The Education Ministry informed the TASR newswire the next day that no decision on granting the money in this call has been issued and no contract granting the subsidies has been signed.
“The re-wording of the call will reflect society’s demand for stricter criteria for the quality of submitted projects, and the need for greater openness and transparency of the procedures within the call,” Lubyová said as cited by TASR, adding that the new call will be launched as soon as possible.
The Education Ministry named – as quoted by the SITA newswire – the changed rules as the main reason for scrapping the call.
Greater transparency and consensus
The new rules will be based on the principles of an agreement signed between the representatives of research universities, the Slovak Academy of Sciences and members of the Open Science initiative, according to the ministry. They will include, for example, public panel discussions in the presence of professional evaluators and a new database of project evaluators based on stricter and more detailed criteria for the qualifications of evaluators. The ministry will discuss the new call with European Commission (EC) representatives.
To ensure greater transparency within the Operational Programme Research and Innovation Processes, the Education Ministry is to adopt effective measures that will be included in an Action Plan.

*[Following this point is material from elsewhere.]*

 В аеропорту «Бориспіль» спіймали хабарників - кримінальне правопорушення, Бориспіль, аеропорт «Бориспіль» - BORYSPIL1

The ministry has been through several tumultuous months due to the controversial allocations of EU-funds for research that cost Peter Plavčan (also an SNS nominee) the ministerial post and caused the coalition crisis. Millions of euros from EU funds for research and innovation were allegedly provided to companies that had never done research before.

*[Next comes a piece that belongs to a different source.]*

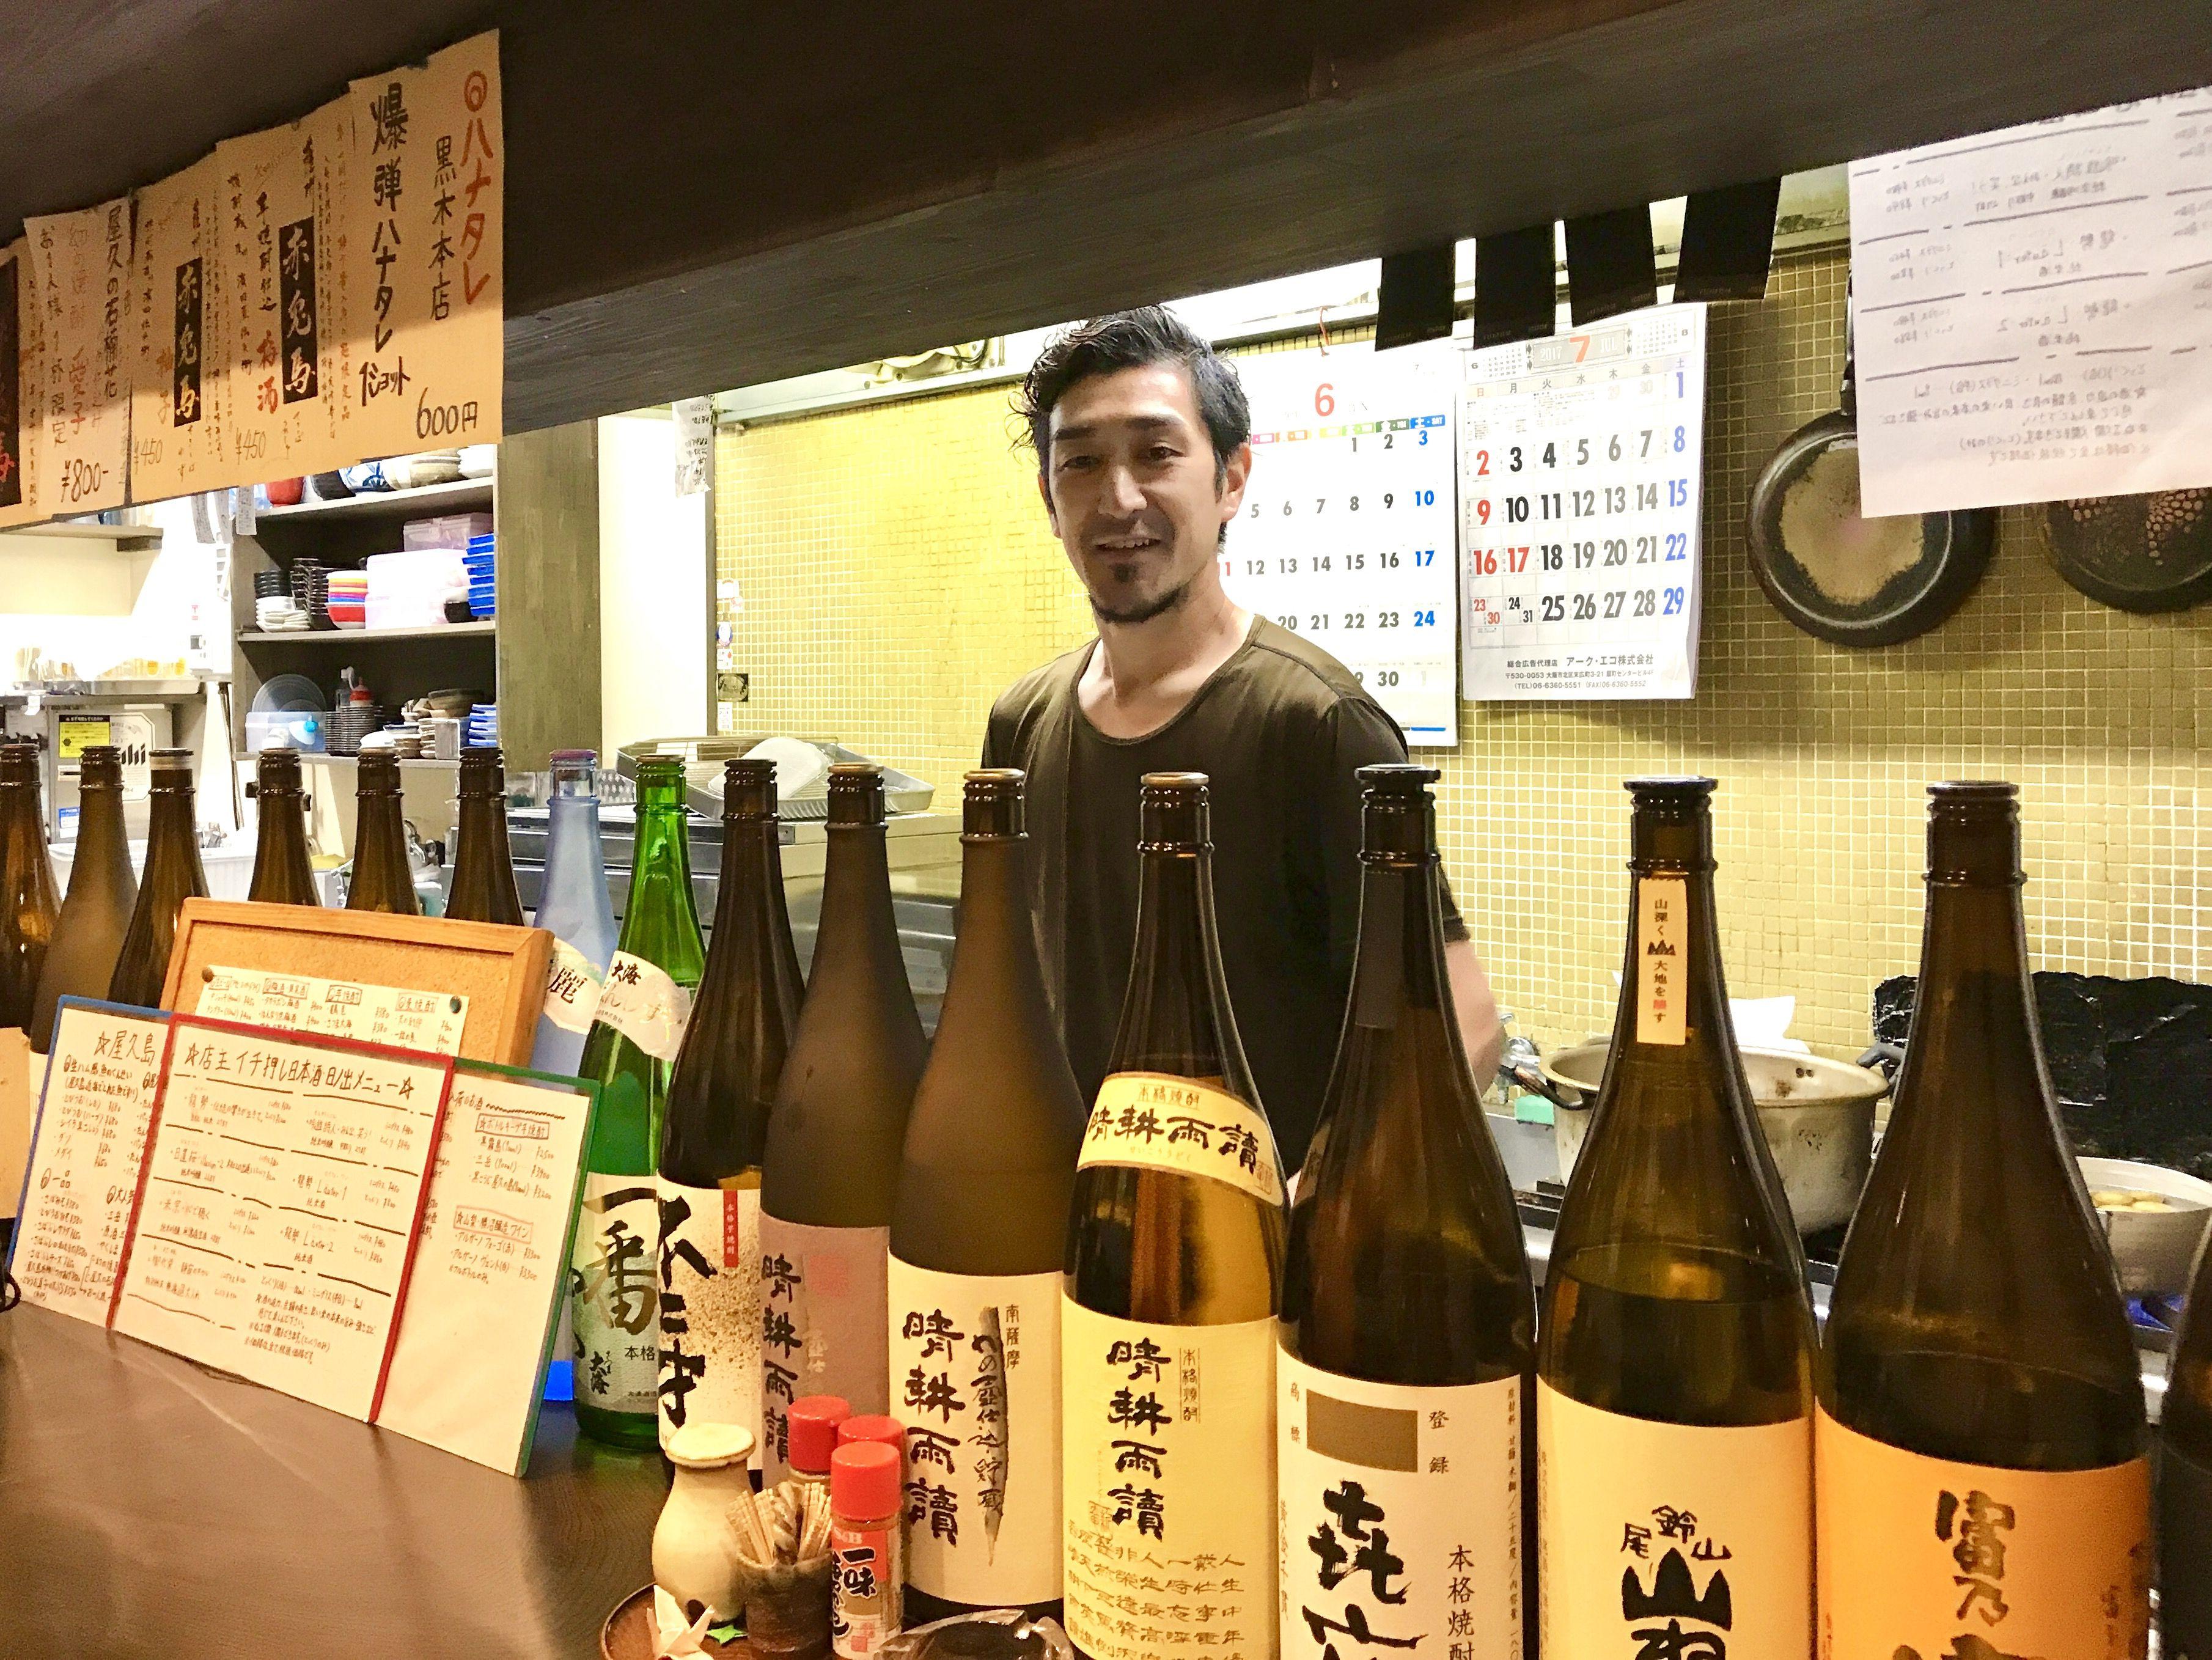 「和鮮酒庵やなぎ」の店主道竹洋一郎さん

Meanwhile, the European Commission has suspended payments regarding four calls for proposals and ordered the ministry to desist from concluding new contracts with funding recipients. The scandal has also caught the eye of the European Anti-Fraud Office and Slovakia’s National Crime Agency (NAKA).
The essence of the scandal
Her predecessor, Plavčan has been criticised by the opposition and the media for allocating millions of euros from EU funds to companies. These companies made relevant adjustments to their focus of operations in the Business Register only shortly before applying for the subsidies, the Sme daily wrote.

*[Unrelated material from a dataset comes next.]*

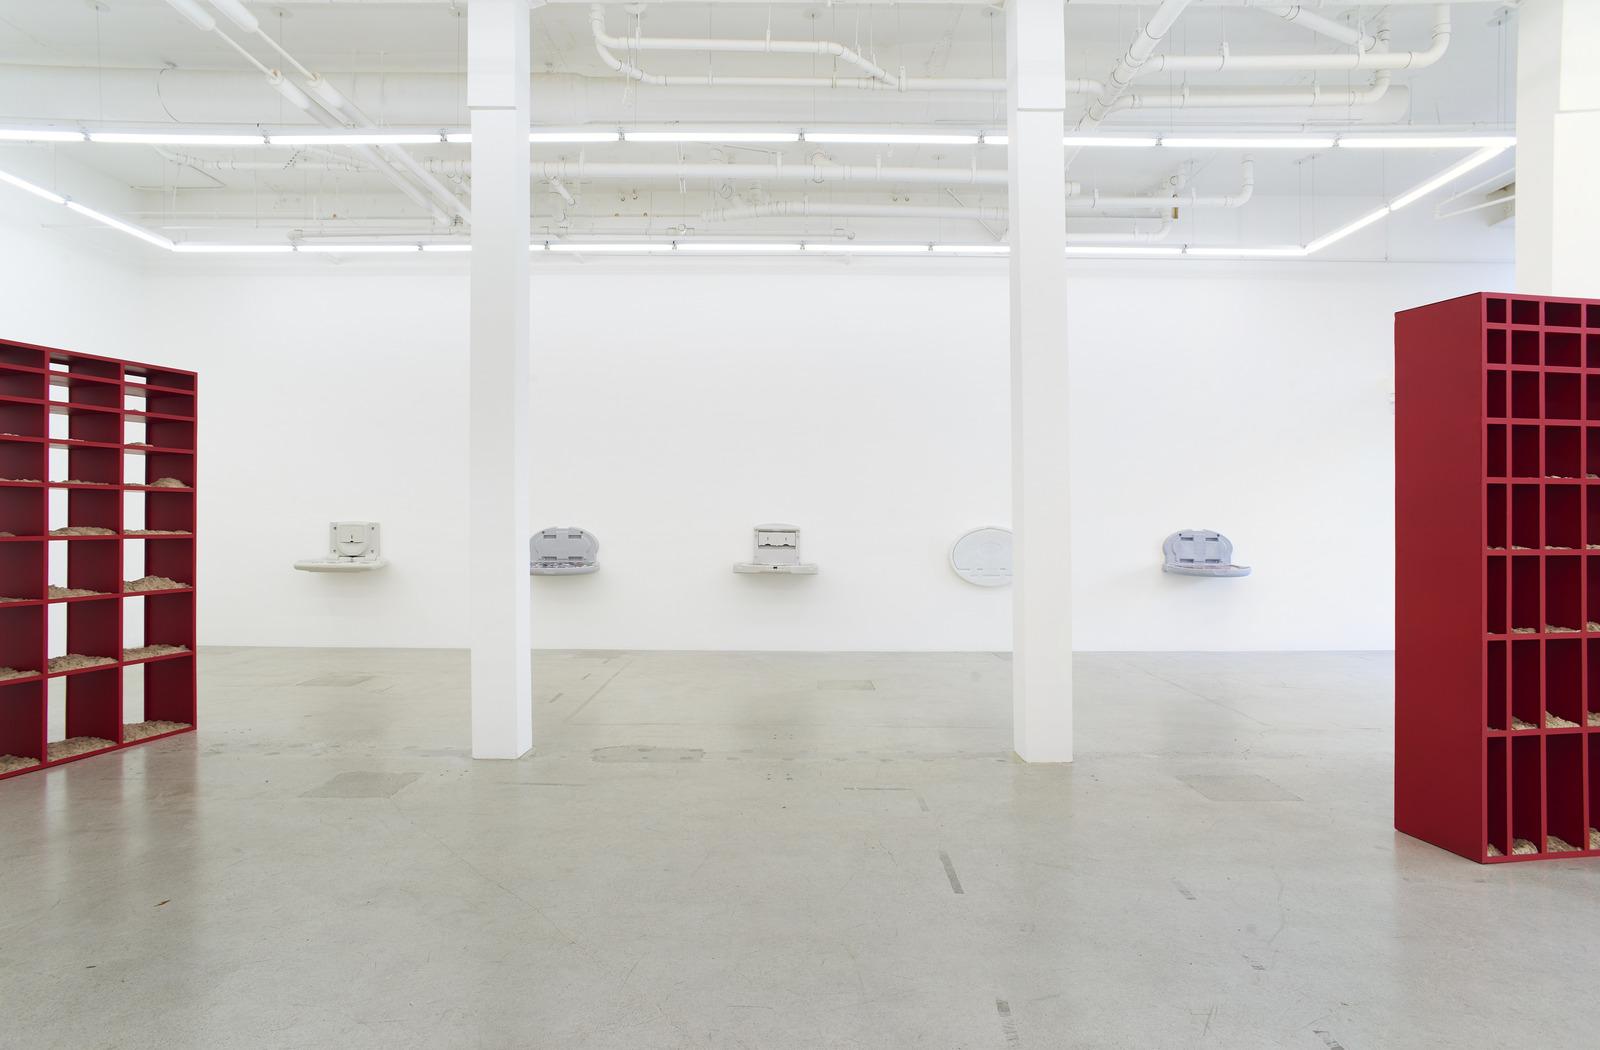 Wermers_Grundstück, 2017_Jessica Silverman Gallery_installation view_013

The scandal was brought to light on June 30 when the Government’s Commission on Science, Technology and Innovations discussed it, according to the report published on its website, the Denník N daily wrote. The redistribution of funds was criticised by the Rector of the Slovak University of Technology in Bratislava, Robert Redhammer, executive director of Club 500, Tibor Gregor and Jozef Buday of the Association of Industrial Science Research and Development Organisations. They already knew their projects had been unsuccessful.
The Special Prosecutor’s Office ordered a check on the allocation of the money, while Plavčan refused to comment on the check by the police. Apart from the Slovak police’s National Criminal Agency (NAKA), the European Commission, the Supreme Audit Office and ministry officials are checking into the subsidies. The order came from a prosecutor of the Special Prosecutor’s office.